Автор книги: Михаил Жигжитов
сообщить о нарушении
Текущая страница: 11 (всего у книги 22 страниц)
ГЛАВА 5
Самагир выплыл из густого красноватого тумана. Пошевелился. Заскрипела кровать. Он понял, что выплыл из сна. Сон был тяжелый и сколько продолжался, Оська не помнит. В груди горел медленный огонь. Он обжигал сердце и легкие, затруднял дыхание и причинял боль. Хотелось пить.
Осип начал поворачиваться на бок, кольнуло острым шилом, и он громко застонал.
Рядом шепотом заговорили женщины:
– Кажется, проснулся.
– Тише, возможно, еще спит.
Самагир открыл глаза. Видит синевато-снежный колпак, из-под которого кое-где выглядывают мягкие русые волосы, белый лоб и крутые дуги тонких бровей. «Вот эта бледнолицая женщина вчера наладила руку, – вспомнил он. – Молода, а уже дохтур…»

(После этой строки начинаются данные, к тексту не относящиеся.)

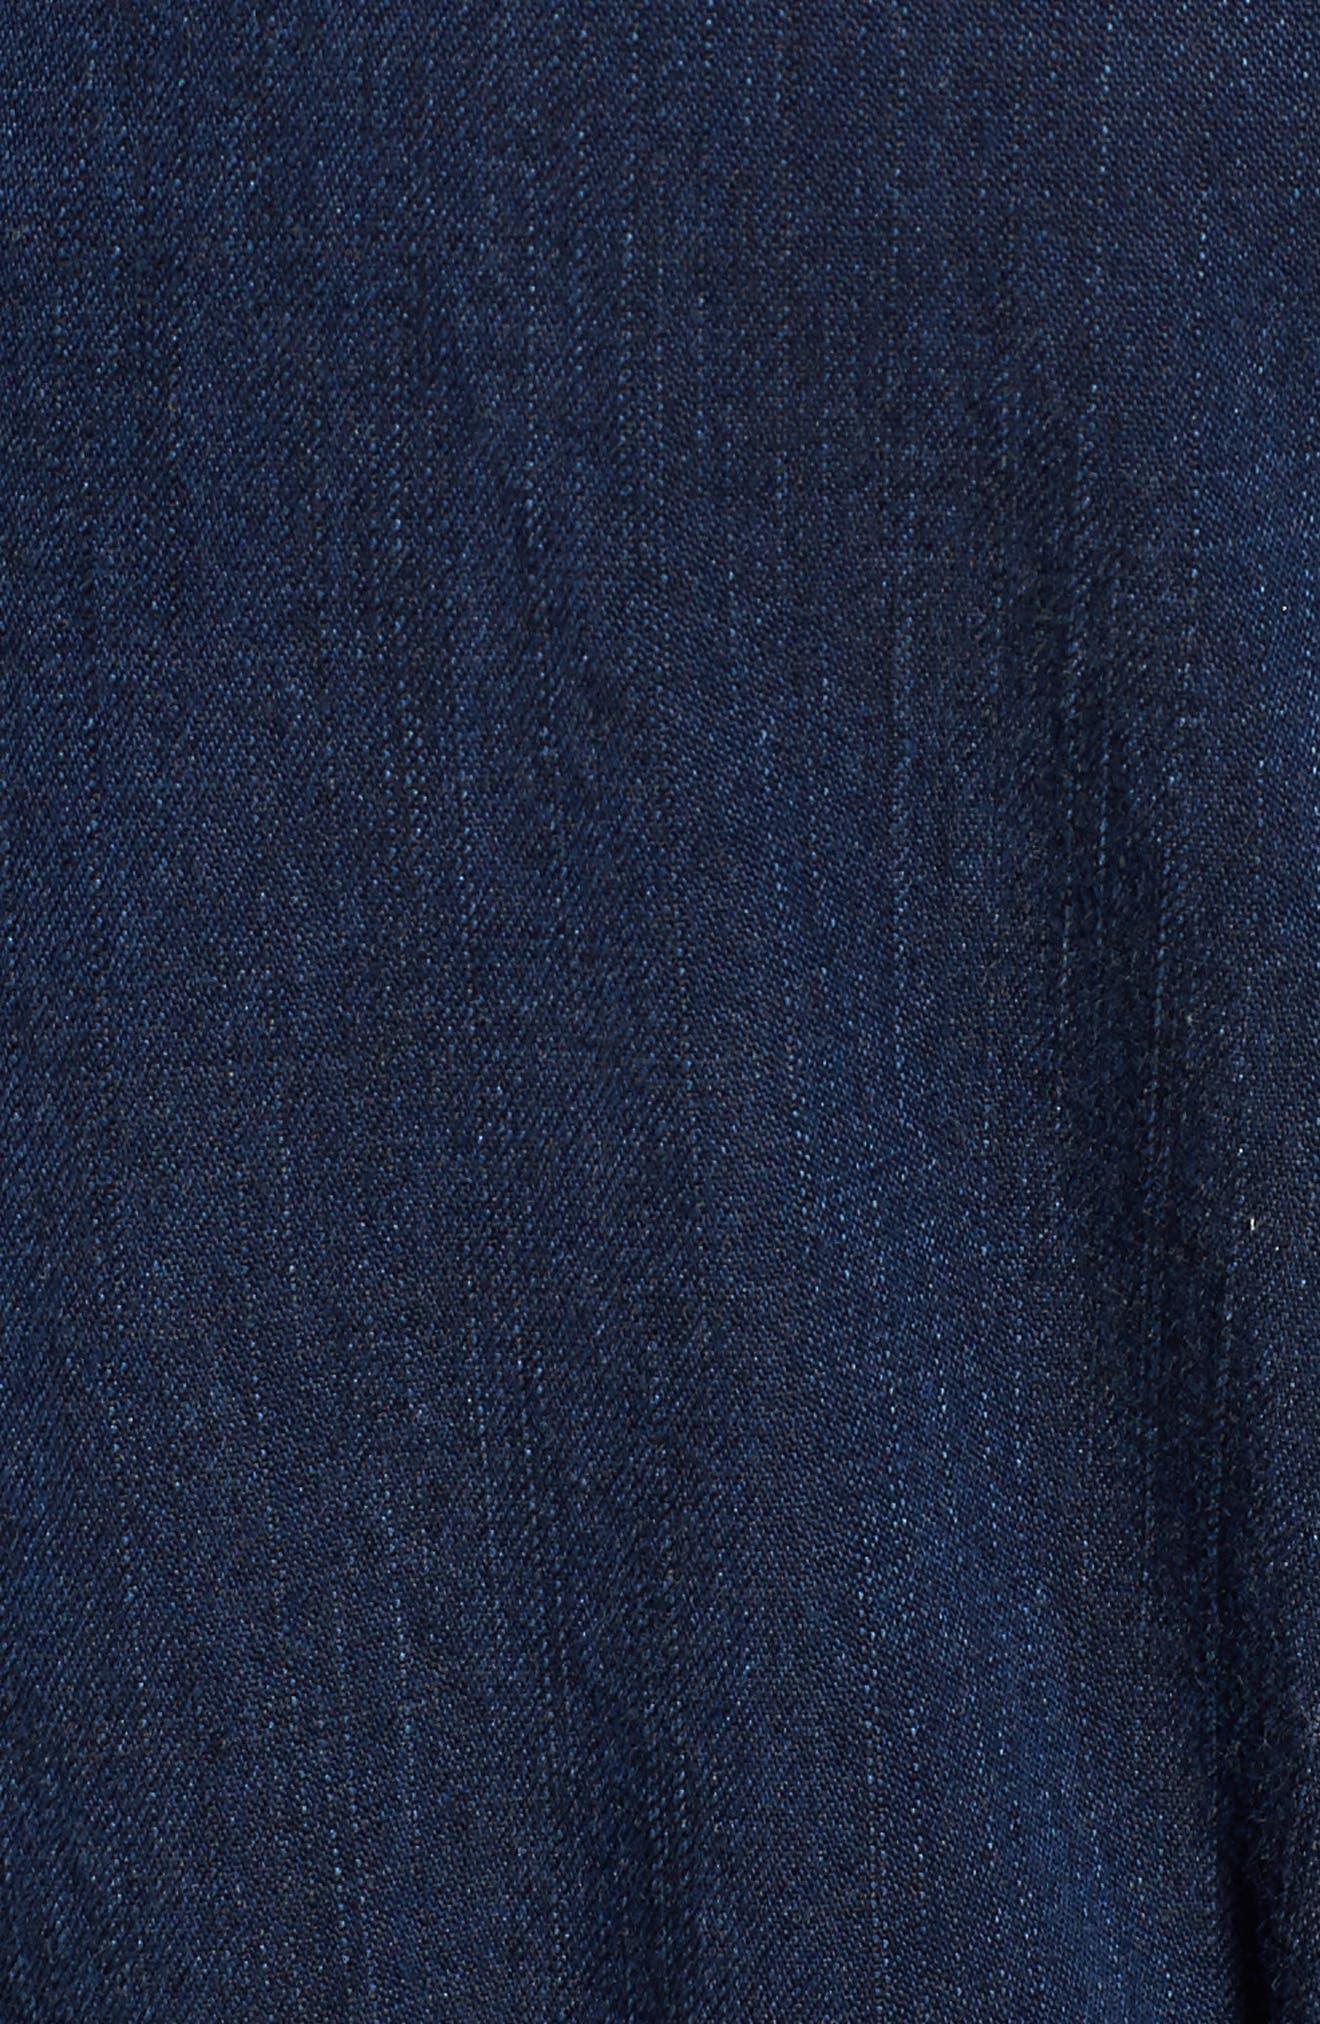 Denim Shirtdress,                             Alternate thumbnail 5, color,                             419

– Ну, как, дедушка, чувствуете себя?
– Весь грудь огнем горит.
– А рука беспокоит?
– Рука будто нет… совсем чужой.
– Ну, ничего, вылечим! – сказала врач уверенным голосом и ободряюще улыбнулась темно-серыми глазами.

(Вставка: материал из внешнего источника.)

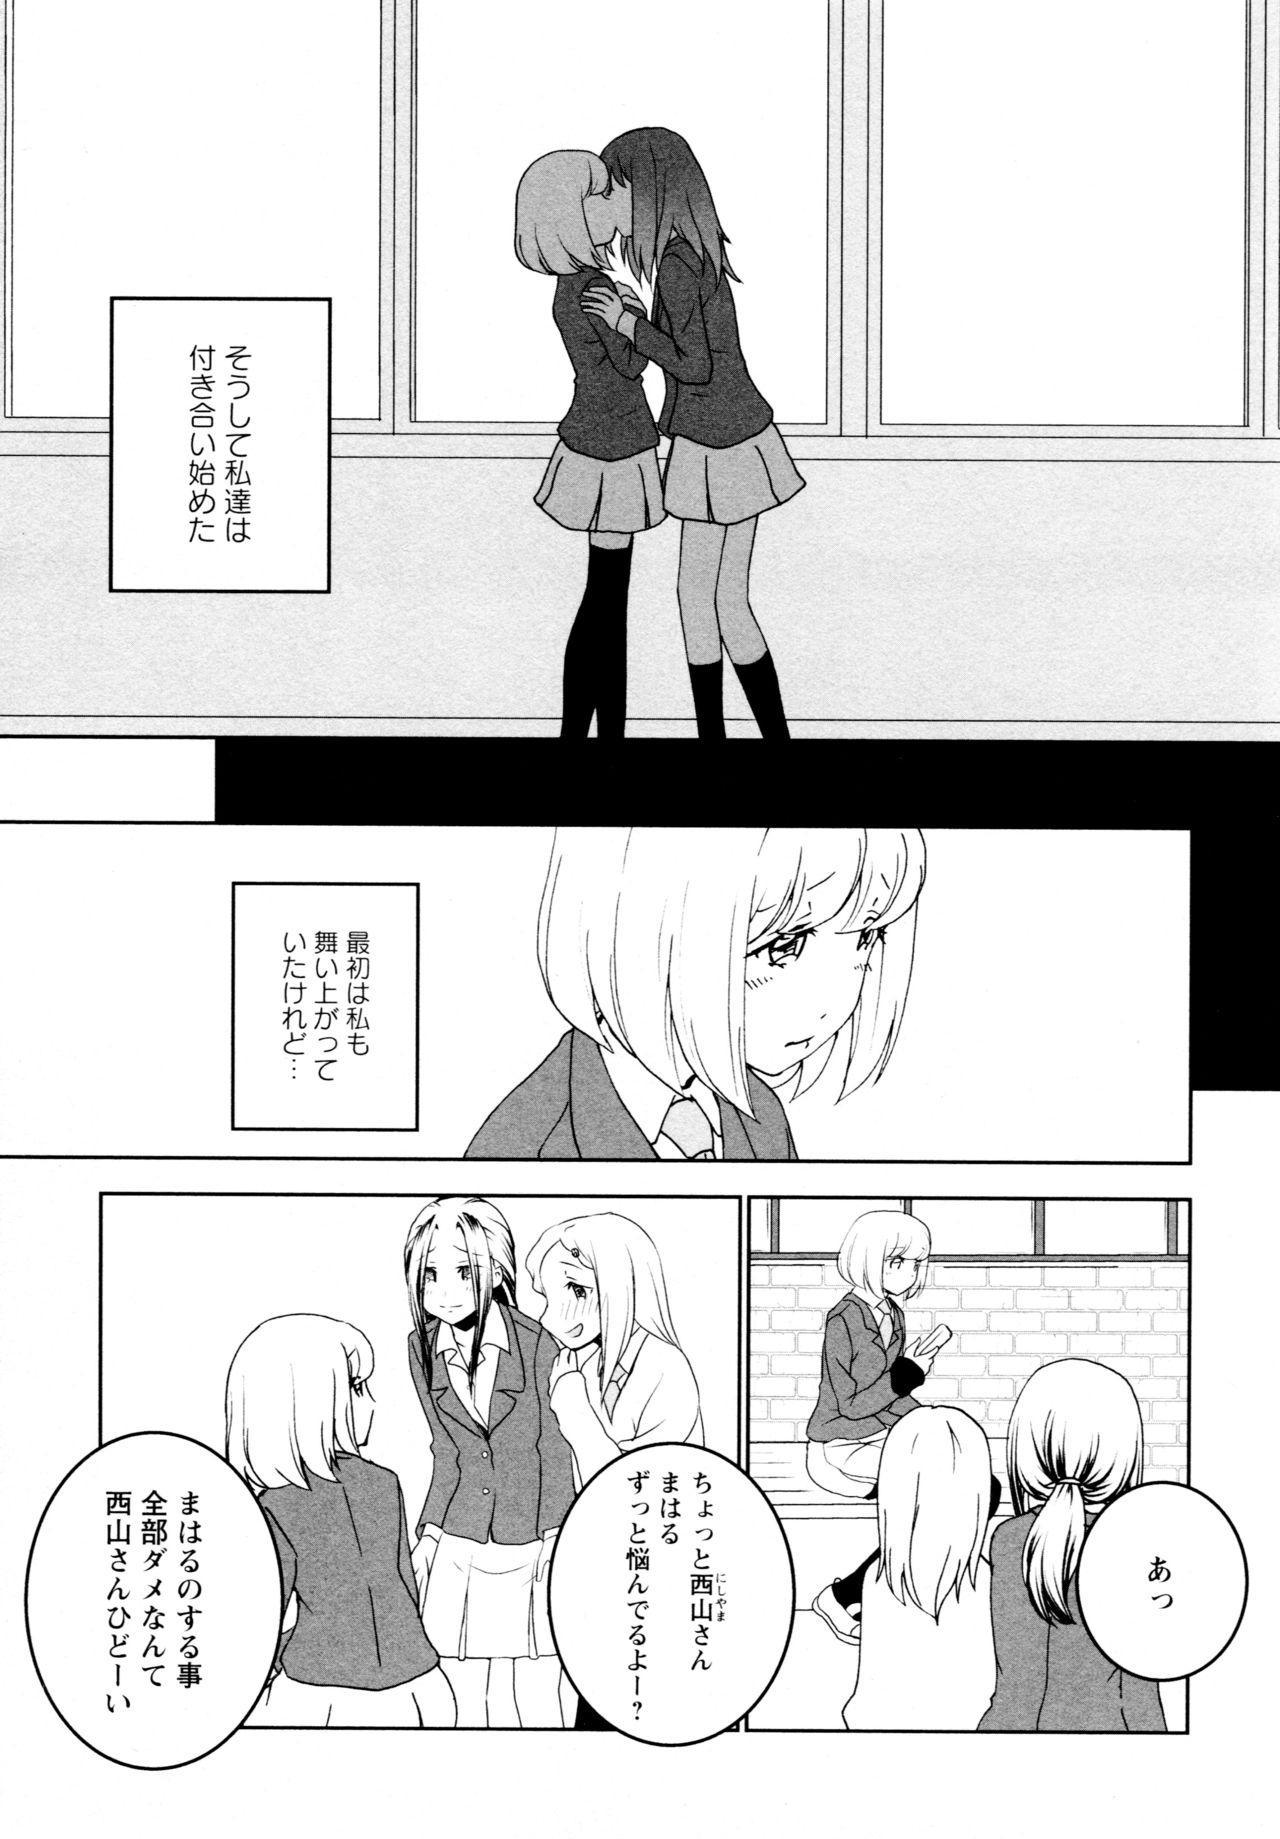 [Anthology] L Girls -Love Girls- 04 11

От ласкового взгляда и уверенных слов врача у Самагира потеплело на душе и даже нудная боль на время куда-то исчезла.
Врача позвали по какому-то срочному делу, и она, кивнув Самагиру, легкими неслышными шагами вышла в коридор.
С соседней койки на Самагира смотрели большие глаза, седеющие кудри сползли на брови и закрыли уши.
– А как, батенька мой, дела, очухался? – бойко, с цыганским акцентом спросил сосед.
– Худо, паря… однако, пропаль охотник…
– Э, батенька, не горюй! Сиди на печке, а старуха жратву притащит.
– Не-е, пошто так… Бабе дома сидеть нада… Э-э, там на ферме коров доить, скотишко обихаживать мала-мала…
– А на то, батенька мой, она и баба, чтоб кормила мужика! На ядрену мать держать ее тогды! – цыган весело рассмеялся, цокнул языком и попросил закурить.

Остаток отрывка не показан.